*** Records shown Section Begins ***

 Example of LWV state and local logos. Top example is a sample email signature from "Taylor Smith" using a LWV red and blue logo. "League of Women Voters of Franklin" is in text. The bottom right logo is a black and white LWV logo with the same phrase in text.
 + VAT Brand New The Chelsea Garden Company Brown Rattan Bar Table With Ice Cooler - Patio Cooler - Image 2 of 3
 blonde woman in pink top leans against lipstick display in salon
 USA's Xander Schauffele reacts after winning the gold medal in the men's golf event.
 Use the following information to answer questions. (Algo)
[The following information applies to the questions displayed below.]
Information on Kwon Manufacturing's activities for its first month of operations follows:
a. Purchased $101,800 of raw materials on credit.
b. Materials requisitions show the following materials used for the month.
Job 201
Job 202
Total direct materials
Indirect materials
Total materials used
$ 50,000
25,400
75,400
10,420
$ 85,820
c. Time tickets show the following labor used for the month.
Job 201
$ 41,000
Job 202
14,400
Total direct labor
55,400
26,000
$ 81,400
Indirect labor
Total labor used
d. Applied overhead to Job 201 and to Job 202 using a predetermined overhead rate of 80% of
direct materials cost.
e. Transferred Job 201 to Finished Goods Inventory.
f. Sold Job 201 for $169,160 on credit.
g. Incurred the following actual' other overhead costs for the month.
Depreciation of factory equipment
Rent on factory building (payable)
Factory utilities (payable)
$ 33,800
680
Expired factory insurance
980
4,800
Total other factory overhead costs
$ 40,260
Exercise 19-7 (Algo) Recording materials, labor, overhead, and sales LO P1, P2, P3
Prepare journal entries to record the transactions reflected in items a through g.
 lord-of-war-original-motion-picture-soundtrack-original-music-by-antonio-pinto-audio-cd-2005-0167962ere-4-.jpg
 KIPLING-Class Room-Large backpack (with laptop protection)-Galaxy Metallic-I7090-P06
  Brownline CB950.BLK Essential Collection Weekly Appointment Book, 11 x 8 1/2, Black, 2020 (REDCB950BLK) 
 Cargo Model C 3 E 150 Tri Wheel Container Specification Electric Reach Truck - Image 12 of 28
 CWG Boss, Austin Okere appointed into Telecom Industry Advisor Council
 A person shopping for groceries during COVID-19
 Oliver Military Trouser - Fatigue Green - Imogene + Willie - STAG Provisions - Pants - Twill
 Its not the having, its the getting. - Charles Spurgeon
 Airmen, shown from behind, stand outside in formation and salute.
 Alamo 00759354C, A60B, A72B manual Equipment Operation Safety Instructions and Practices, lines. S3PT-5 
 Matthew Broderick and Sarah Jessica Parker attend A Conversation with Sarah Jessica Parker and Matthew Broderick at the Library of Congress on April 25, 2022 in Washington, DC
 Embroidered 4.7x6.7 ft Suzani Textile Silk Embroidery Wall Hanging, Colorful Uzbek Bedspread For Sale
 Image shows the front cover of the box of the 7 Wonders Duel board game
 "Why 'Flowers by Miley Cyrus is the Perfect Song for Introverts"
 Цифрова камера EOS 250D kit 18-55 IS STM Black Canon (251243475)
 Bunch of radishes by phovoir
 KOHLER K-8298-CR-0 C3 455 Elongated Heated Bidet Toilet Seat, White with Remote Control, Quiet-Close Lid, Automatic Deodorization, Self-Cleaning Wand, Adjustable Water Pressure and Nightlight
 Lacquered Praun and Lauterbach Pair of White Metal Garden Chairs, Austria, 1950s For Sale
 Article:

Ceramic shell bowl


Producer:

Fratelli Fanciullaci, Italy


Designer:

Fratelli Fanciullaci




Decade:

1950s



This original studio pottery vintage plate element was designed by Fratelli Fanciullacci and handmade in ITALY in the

*** Records shown Section Ends ***

## Work instruction:
Set down, unchanged, only those lines above that fall between the line with "Total other factory overhead costs" and the line with "KOHLER K-8298-CR-0 C3", the two end lines included.

## Result of the task:
Total other factory overhead costs
$ 40,260
Exercise 19-7 (Algo) Recording materials, labor, overhead, and sales LO P1, P2, P3
Prepare journal entries to record the transactions reflected in items a through g.
 lord-of-war-original-motion-picture-soundtrack-original-music-by-antonio-pinto-audio-cd-2005-0167962ere-4-.jpg
 KIPLING-Class Room-Large backpack (with laptop protection)-Galaxy Metallic-I7090-P06
  Brownline CB950.BLK Essential Collection Weekly Appointment Book, 11 x 8 1/2, Black, 2020 (REDCB950BLK) 
 Cargo Model C 3 E 150 Tri Wheel Container Specification Electric Reach Truck - Image 12 of 28
 CWG Boss, Austin Okere appointed into Telecom Industry Advisor Council
 A person shopping for groceries during COVID-19
 Oliver Military Trouser - Fatigue Green - Imogene + Willie - STAG Provisions - Pants - Twill
 Its not the having, its the getting. - Charles Spurgeon
 Airmen, shown from behind, stand outside in formation and salute.
 Alamo 00759354C, A60B, A72B manual Equipment Operation Safety Instructions and Practices, lines. S3PT-5 
 Matthew Broderick and Sarah Jessica Parker attend A Conversation with Sarah Jessica Parker and Matthew Broderick at the Library of Congress on April 25, 2022 in Washington, DC
 Embroidered 4.7x6.7 ft Suzani Textile Silk Embroidery Wall Hanging, Colorful Uzbek Bedspread For Sale
 Image shows the front cover of the box of the 7 Wonders Duel board game
 "Why 'Flowers by Miley Cyrus is the Perfect Song for Introverts"
 Цифрова камера EOS 250D kit 18-55 IS STM Black Canon (251243475)
 Bunch of radishes by phovoir
 KOHLER K-8298-CR-0 C3 455 Elongated Heated Bidet Toilet Seat, White with Remote Control, Quiet-Close Lid, Automatic Deodorization, Self-Cleaning Wand, Adjustable Water Pressure and Nightlight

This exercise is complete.